§ **EXERCISE REQUIREMENTS**:
Take the lines below from the one with "Ernest et Celestine - Stock Image" through the one with "The Island by infinityloop" and print only them, exactly. Don't print the pictures.

§ **MATERIAL PROVIDED**:
<<<<

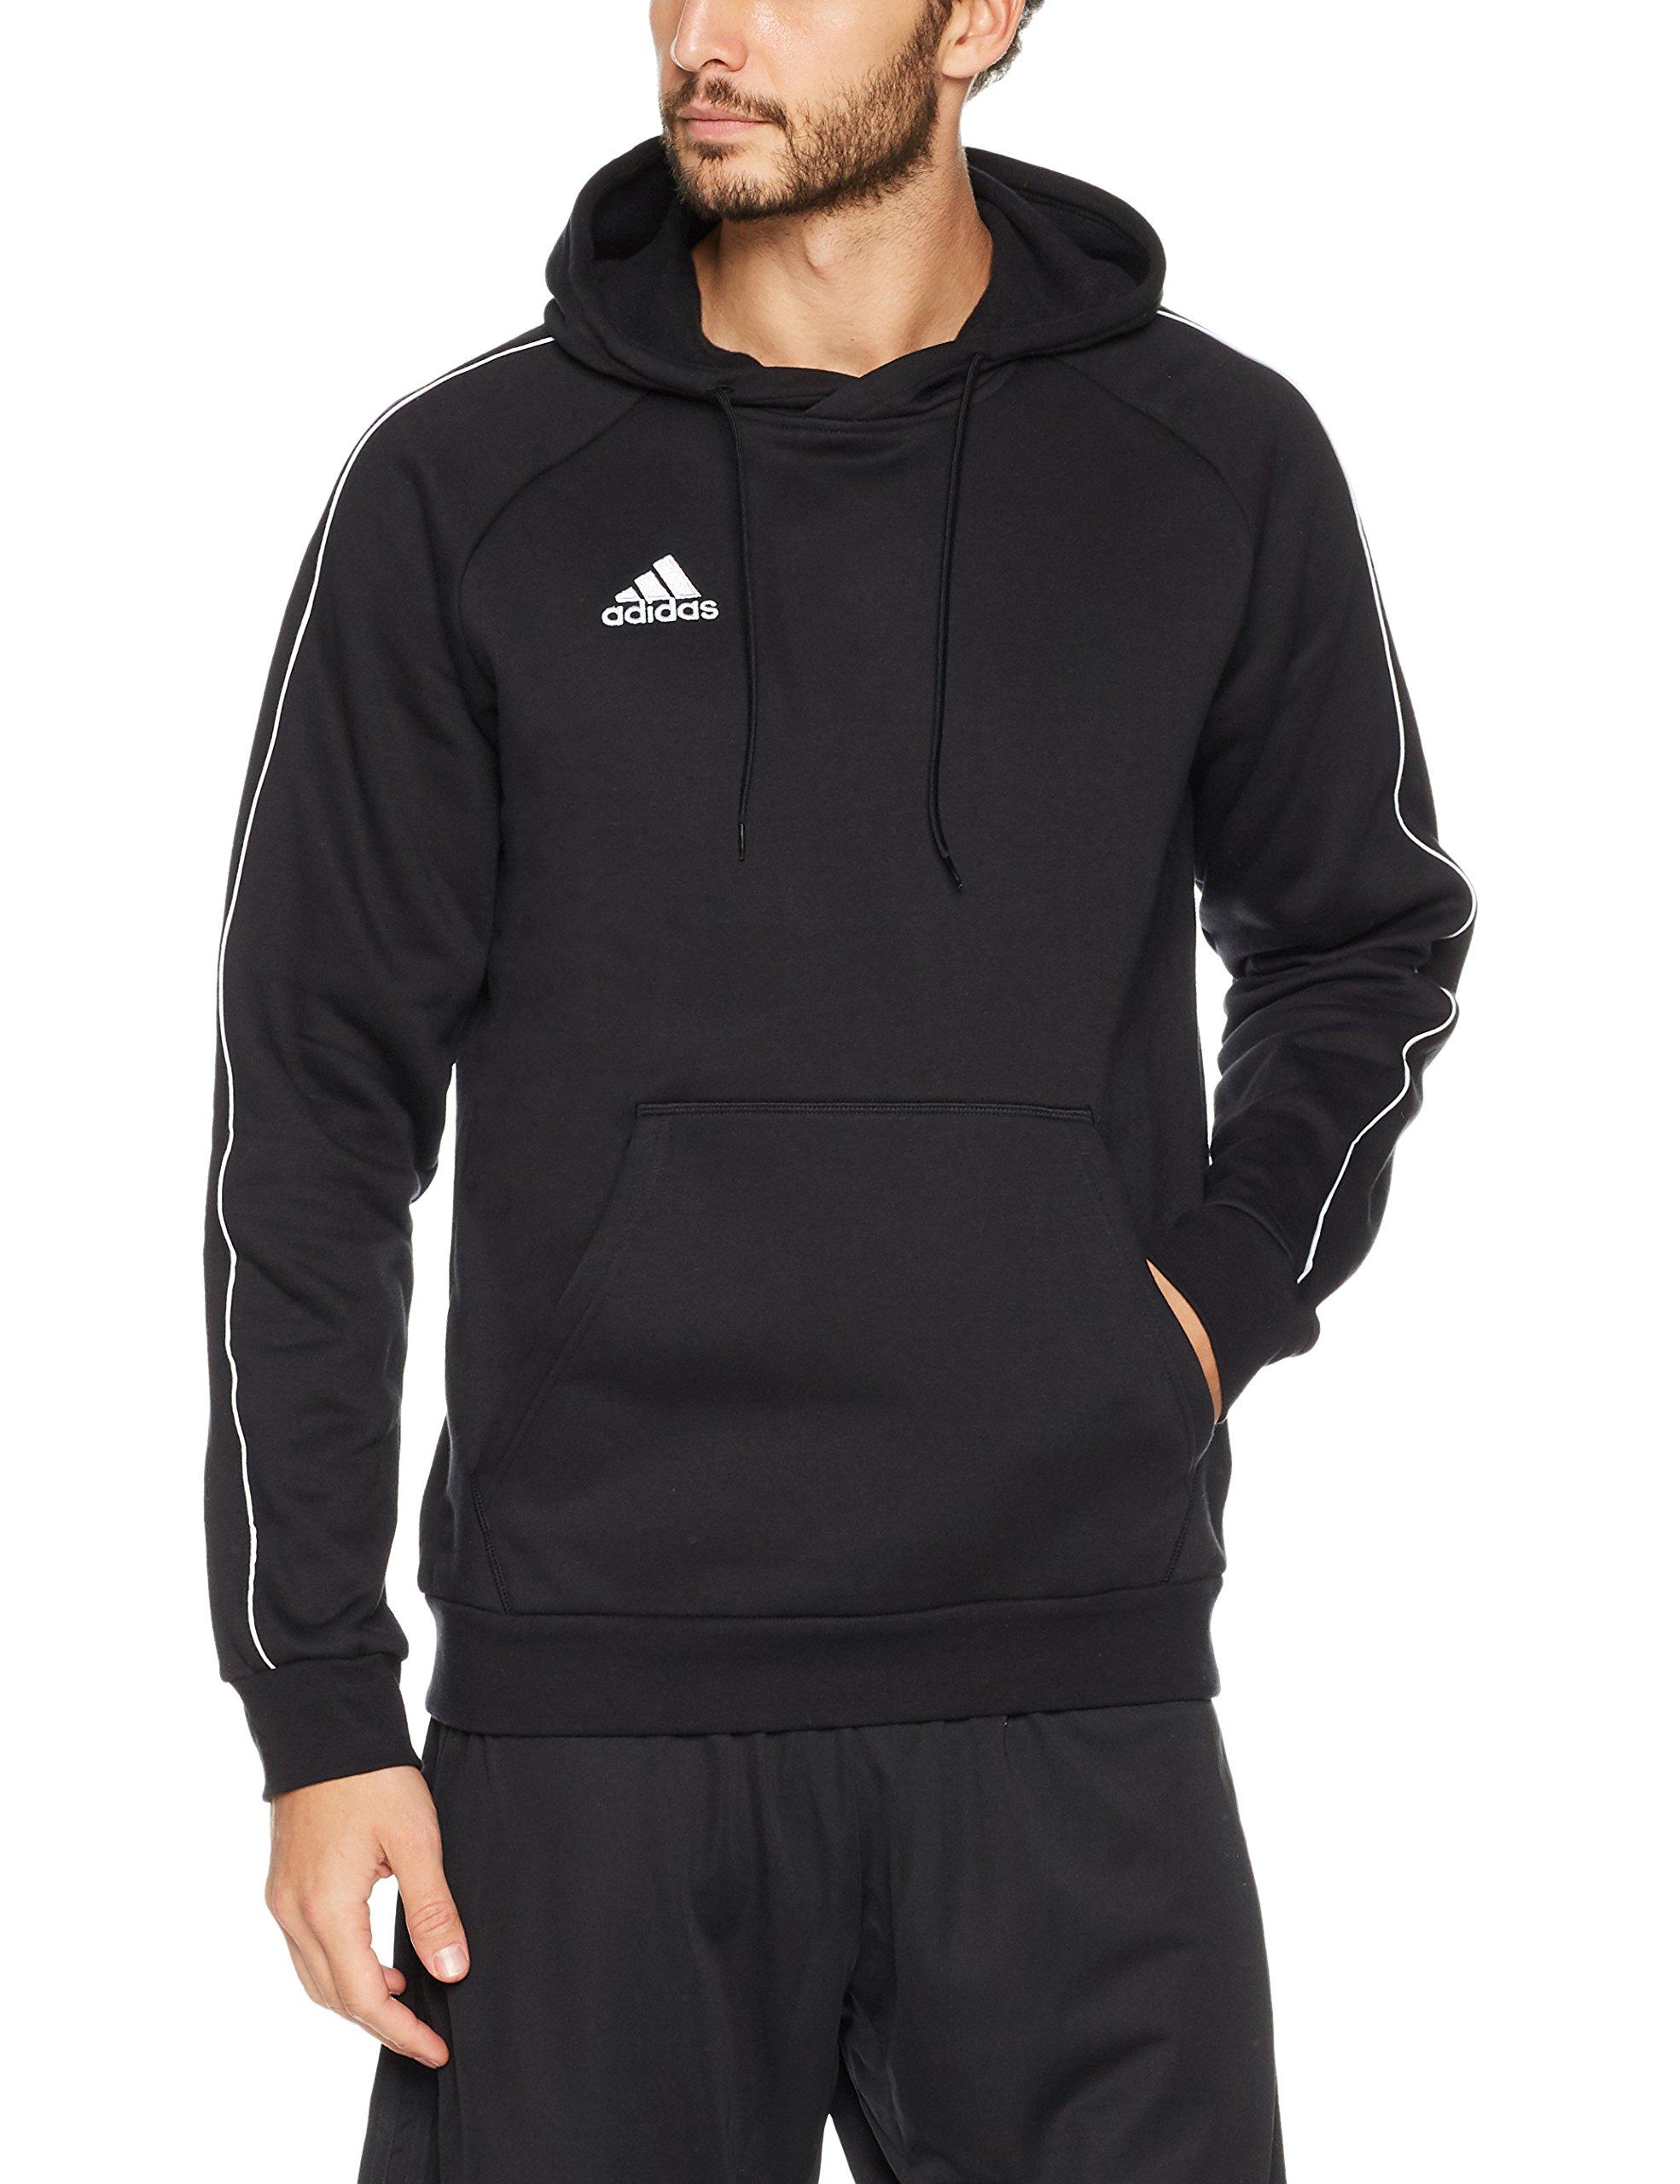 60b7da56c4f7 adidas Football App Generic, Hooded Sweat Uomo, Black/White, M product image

>>>>
<<<<

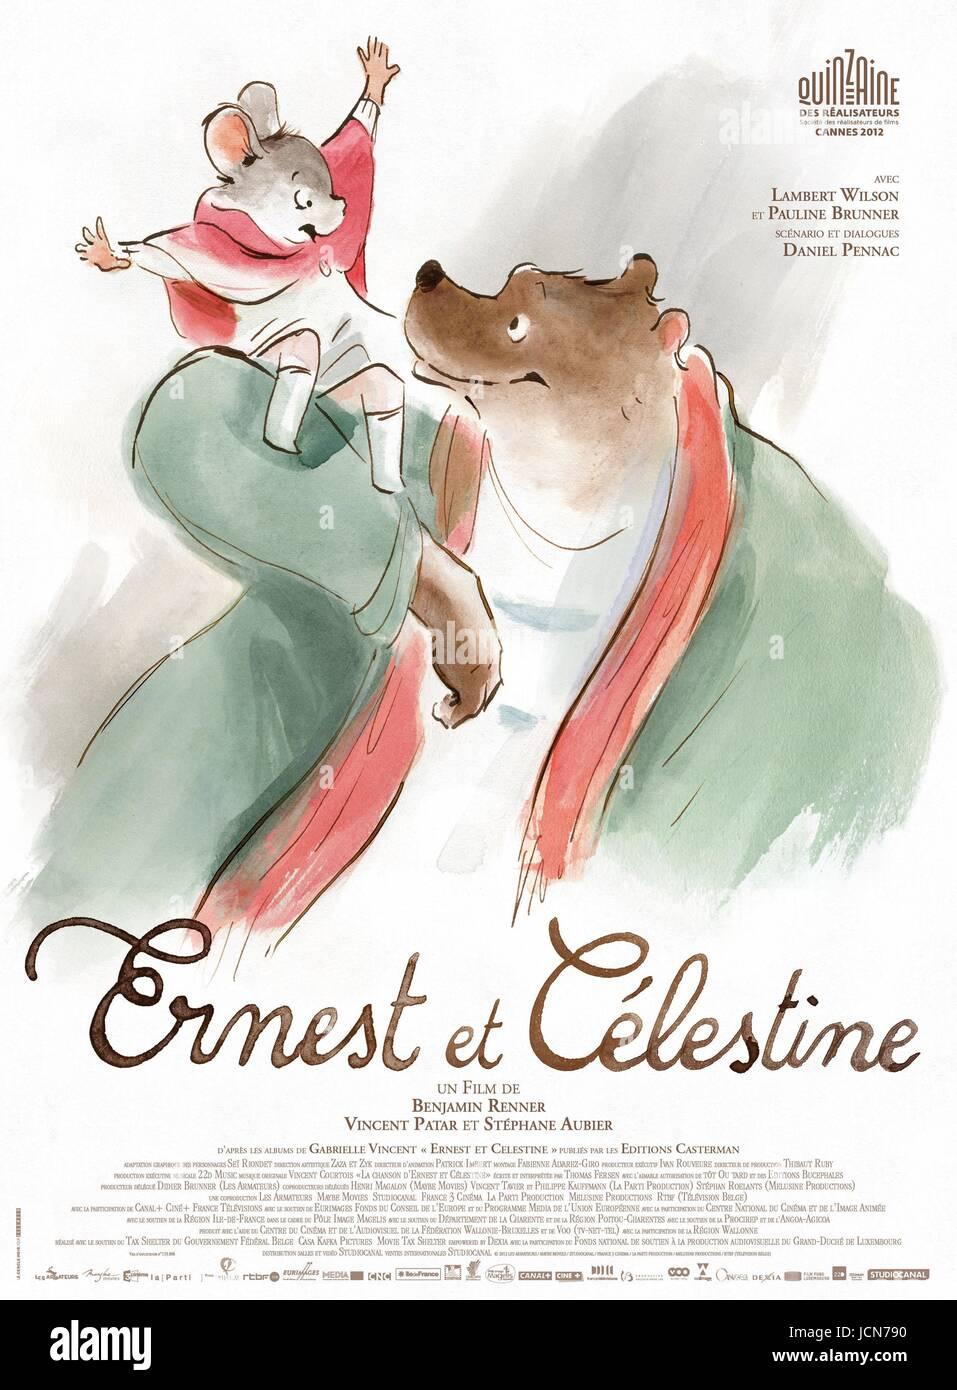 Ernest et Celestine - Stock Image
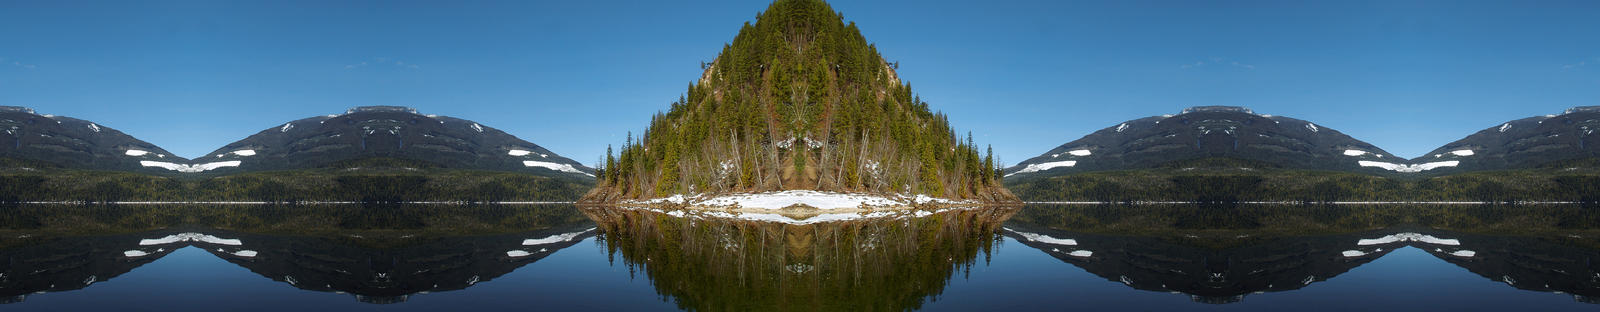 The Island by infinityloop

>>>>
<<<<

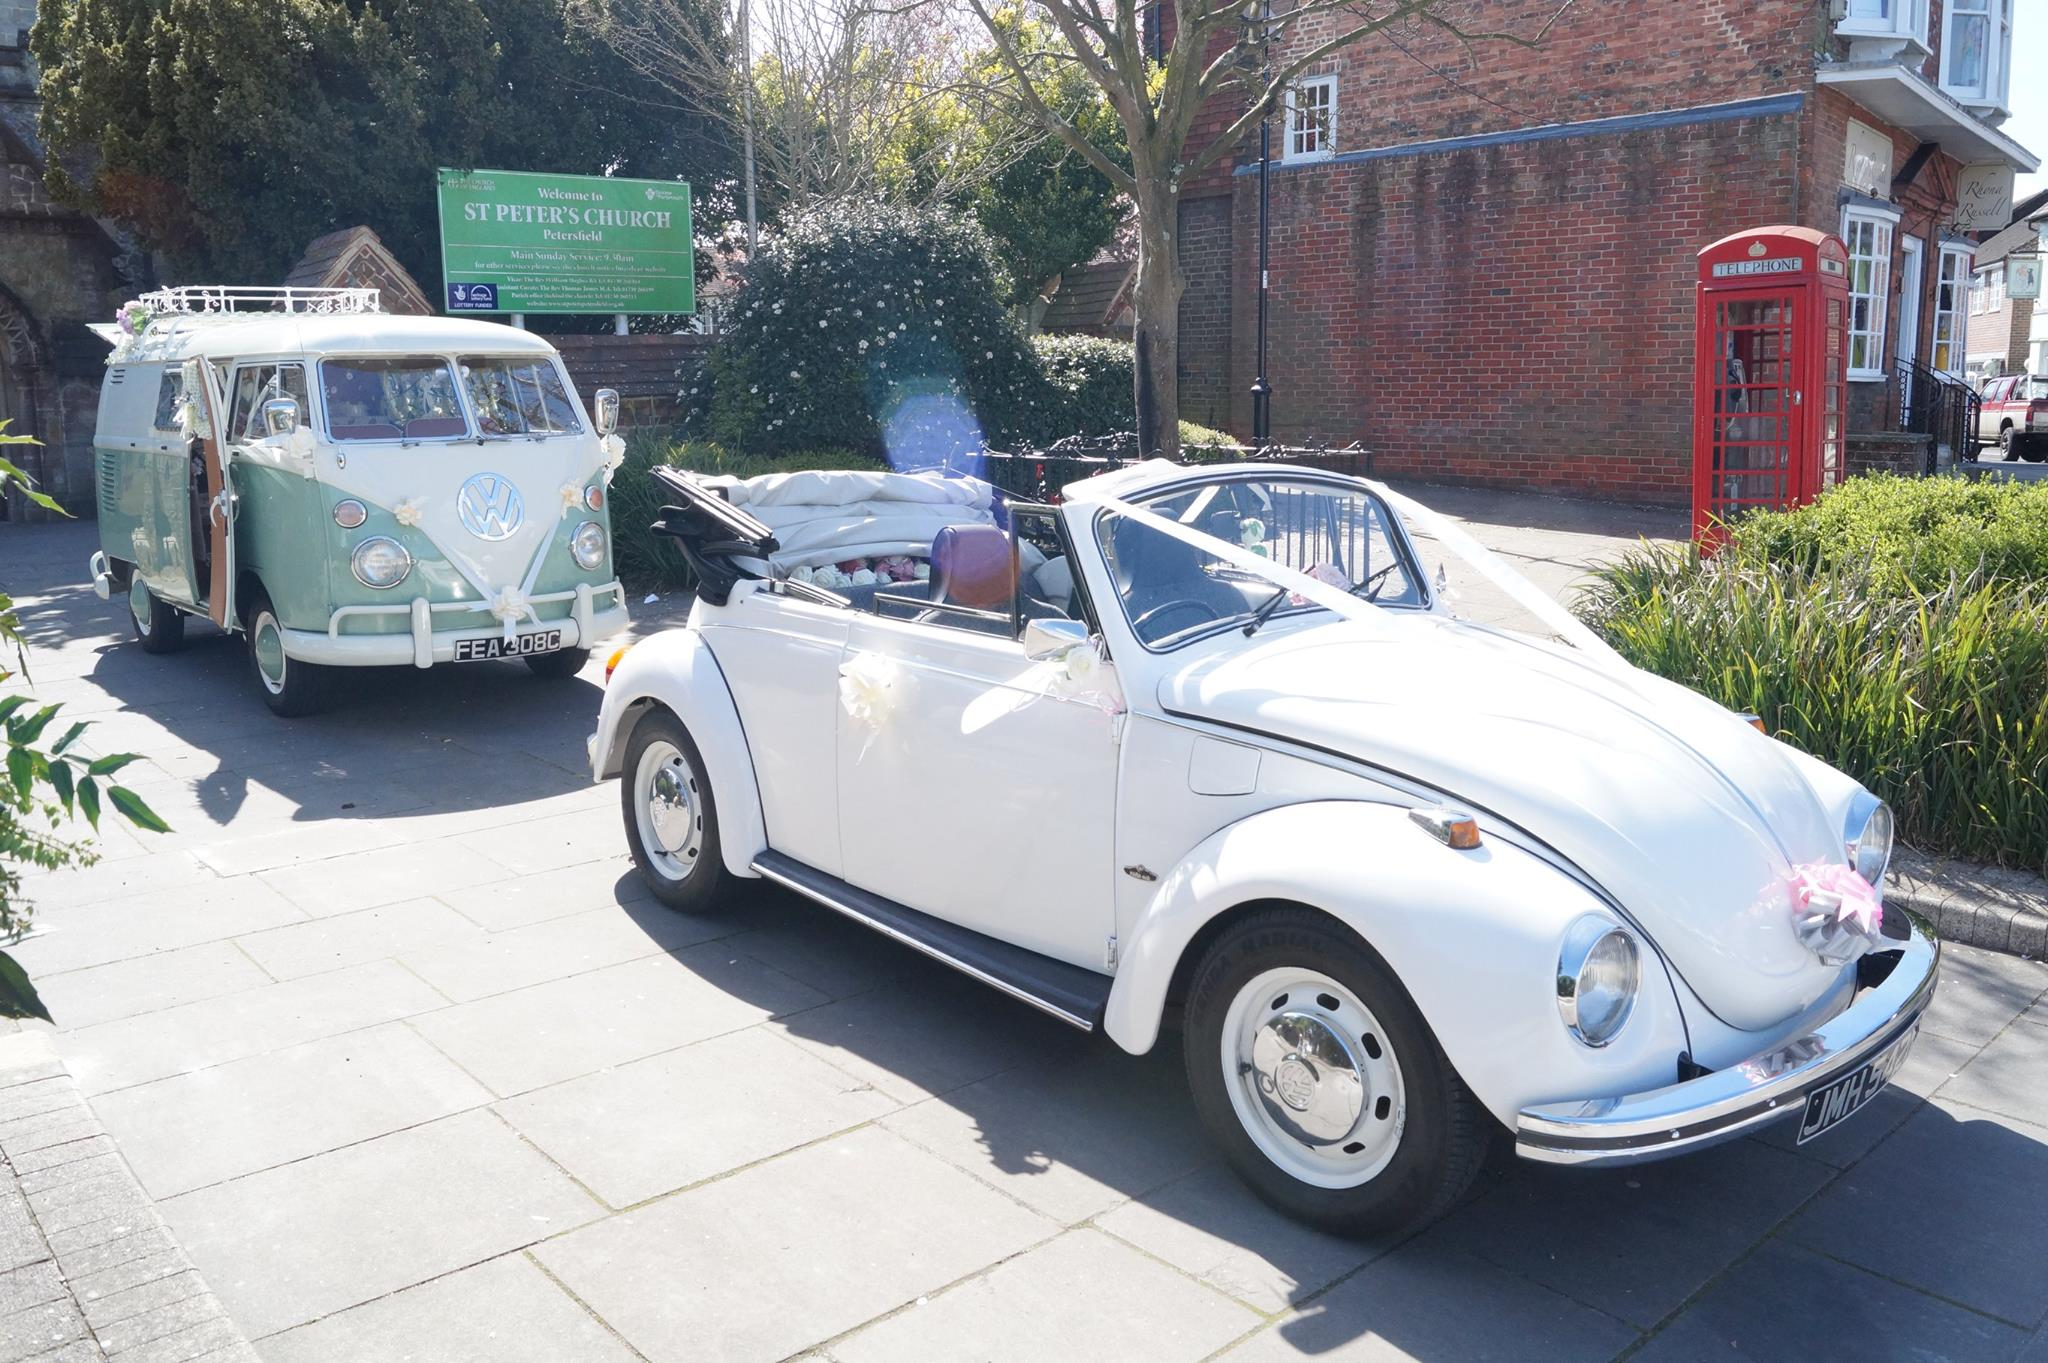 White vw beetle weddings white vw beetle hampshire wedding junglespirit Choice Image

>>>>

§ **RESULT**:
 Ernest et Celestine - Stock Image
 The Island by infinityloop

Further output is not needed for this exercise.